Jam 7 malam, aku mendatangi rumah Genta. Pintu rumahnya terbuka, badanku gemetar sekali, akhirnya kakiku hanya bisa terpaku di depan jendela saja. Saat itulah aku menyadari di ruang tamu sedang ada orang.

Melalui tirai tipis putih yang melapisi jendela rumahnya, aku melihat Mas Hasan menempelkan telinganya di perut Mbak Widia, kulihat Mbak Widia tertawa dan mengelus rambut Mas Hasan lembut.

Aku setia menikmati pemandangan menyakitkan itu. Ingin beranjak dari sana tapi tak bisa. Benar-benar tak bisa.

"Kalau anaknya laki-laki Mas yang kasih nama ya." samar-samar kudengar suara Mas Hasan.

Pelan-pelan, dalam hening yang tak disadari siapapun, sebuah hati bergejolak di sini. Menumpahkan kekesalan melalui butiran bening di pipi.

"Kalau perempuan, Widia yang kasih, ya." balas Mbak Widia kemudian.

Ya Tuhan. Nyeri sekali rasanya.

"Ri..." panggil sebuah nama menohok bahuku.

Aku terkejut kemudian menoleh.

"Eh.. Genta.." aku menghapus air mataku.

"Ngapain?"

"Nyari Genta."

"Kok nggak masuk aja?" tanya Genta.

Aku tidak menjawab.

Sekilas, Genta bisa paham.

"Oh iya." jawabnya setelah melirik ke arah jendela.

"Tadi abis dari warung."

"Iya. Nggak apa-apa, Genta." kujawab.

"Ngobrol di sana, mau?" Genta menunjuk  ayunan yang terbuat dari Ban Mobil bekas yang menggantung kuat pada pohon di halaman rumahnya.

Aku setuju.

Aku duduk di ayunan sementara Genta mendorong pelan-pelan dari belakang. Udaranya benar-benar bersih sekali. Malam hari yang dingin, dan menyesakkan dada.

"Udah makan?" dorongan pertama dari tangannya berhasil mengayunkan tubuhku.

"Udah."

"Mau lagi?"

"Nggak."

"Nyari jajan atuh yuk!"

"Jajan apa?" kutanya.

"Apa aja yang Tari mau. Cilok, Seblak, Bakso, Sosis bakar. Yaaaaa yang murah meriah aja biar Genta bisa beliin." Genta senyum. Tapi aku tidak melihatnya senyum karena posisi dia ada di belakangku. Tapi aku yakin, dia lagi senyum.

"Dimaafin Genta aja udah bikin Tari senang." kubuang tatapan ke langit lepas. Menghitung jumlah Bintang yang tak mungkin terhitung. Hampa sekali rasanya. Kuhempas napas berkali-kali, mengusir lelah di jiwa atas pengharapan yang tak mungkin bisa terpenuhi ini.

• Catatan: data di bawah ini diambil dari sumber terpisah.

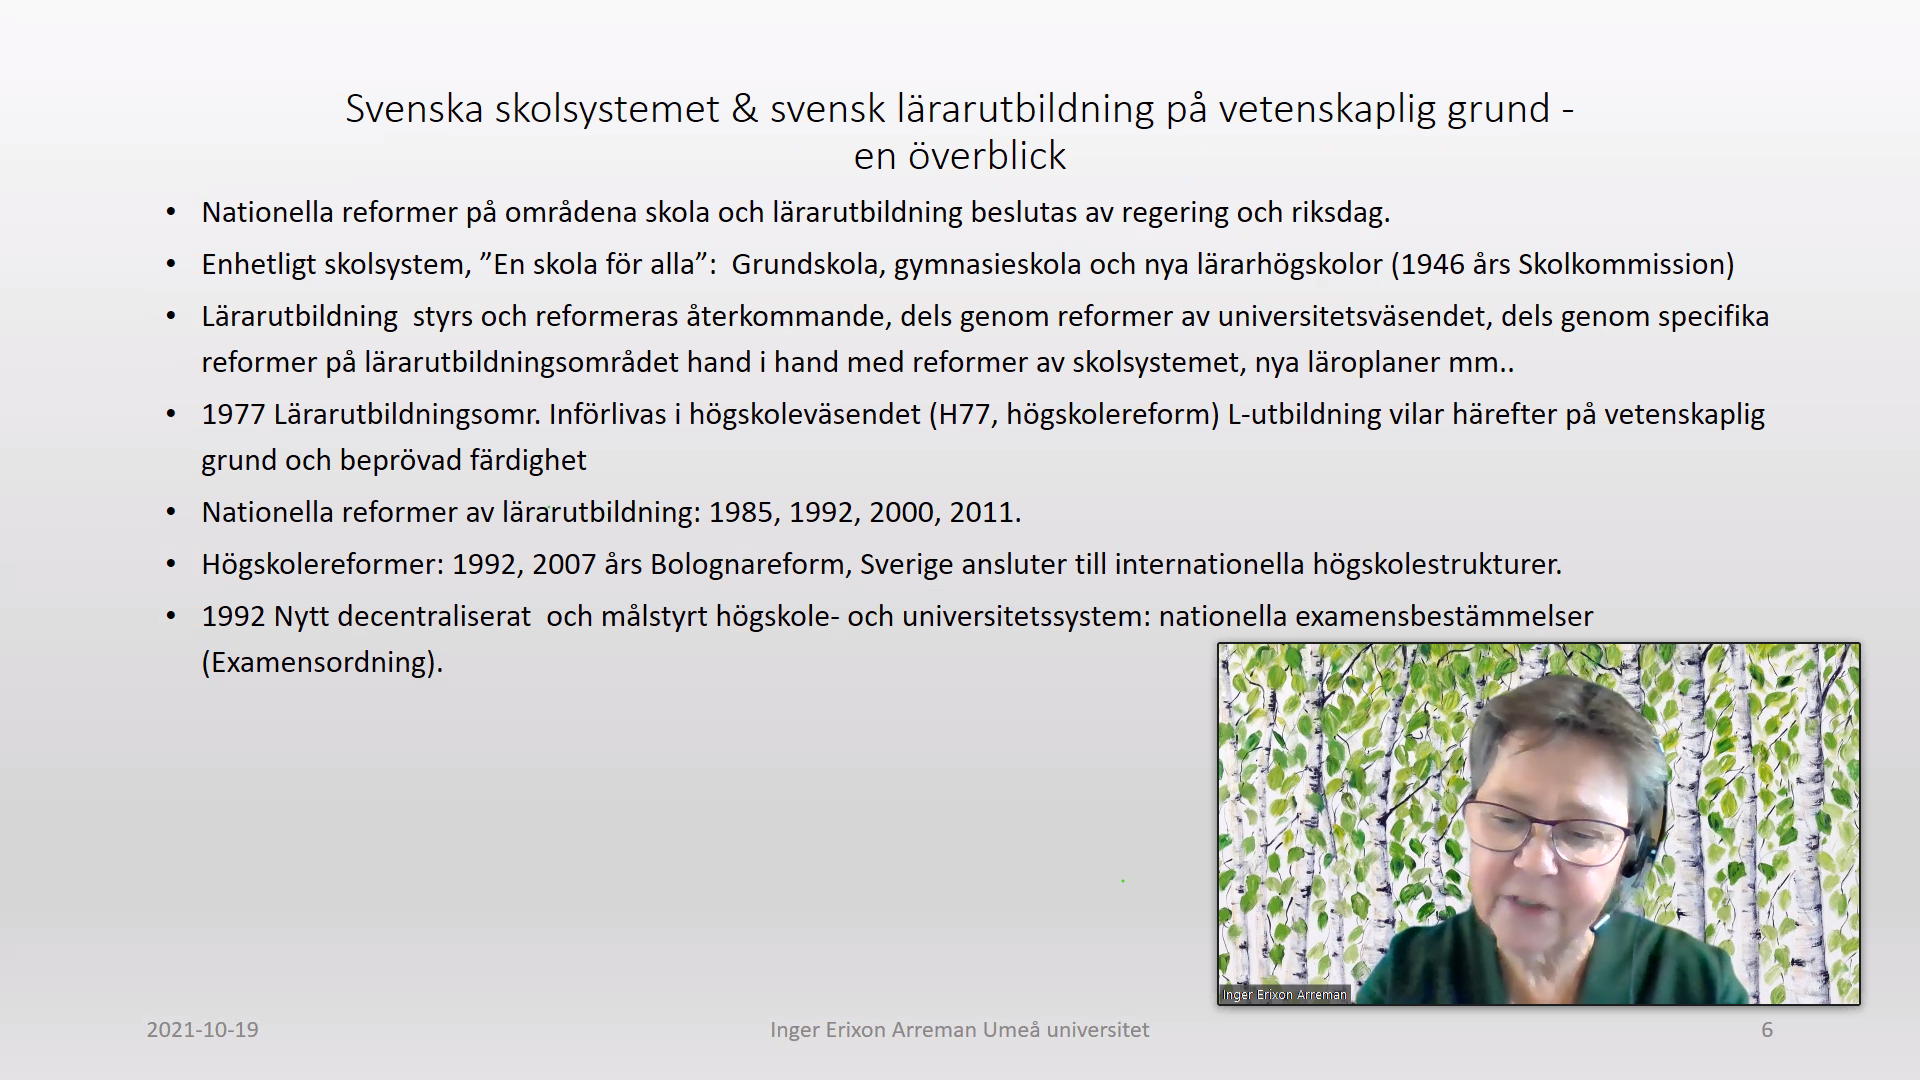 Föredragshållare var Inger Erixon Arreman, fil dr och docent, vid institutionen för Tillämpad utbildningsvetenskap, Umeå universitet
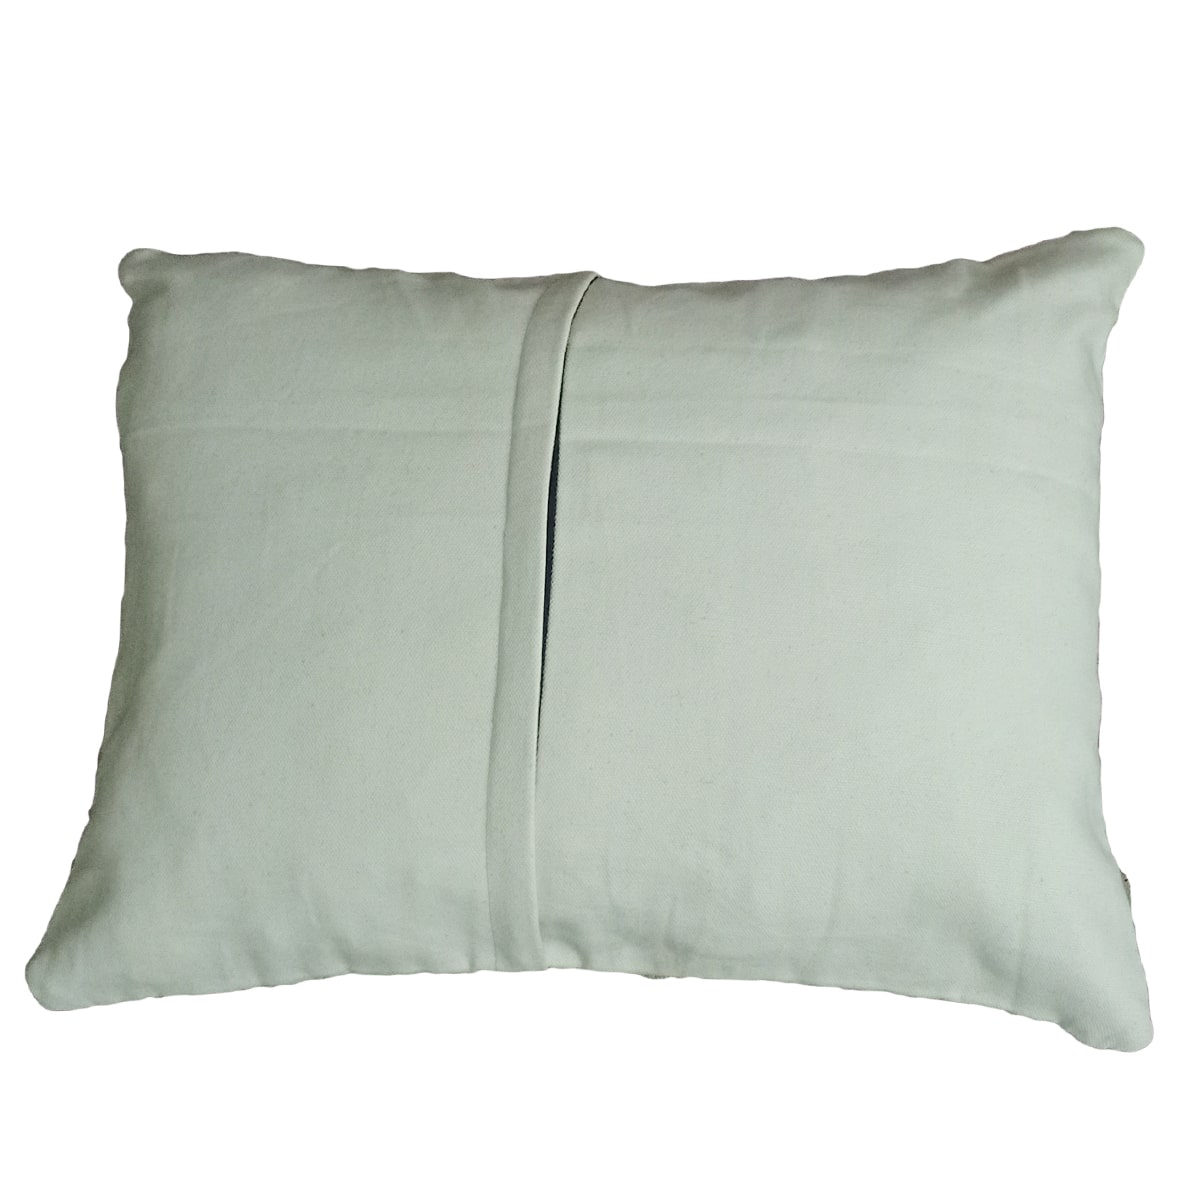 Kilim Handwoven Brown Cushion Cover

"Udaaah..." Genta menyentuh kedua bahuku. Menghentikan gerakan ayunan. Lalu pindah ke depan. Dia sekarang ada di hadapanku, lagi jongkok.

"Tahu nggak?" Genta menaruh tangannya di kedua lututku.

Angin meniup dedaunan yang sudah gugur di tanah menjadi berpindah tempat. Juga berhasil menyibakkan rambutku, memamerkan bentuk leher yang nggak terlalu jenjang. Lampu di area ayunan ini nggak begitu mendapat penerangan, letaknya agak ke samping, hanya mengandalkan lampu utama di teras depan rumahnya saja.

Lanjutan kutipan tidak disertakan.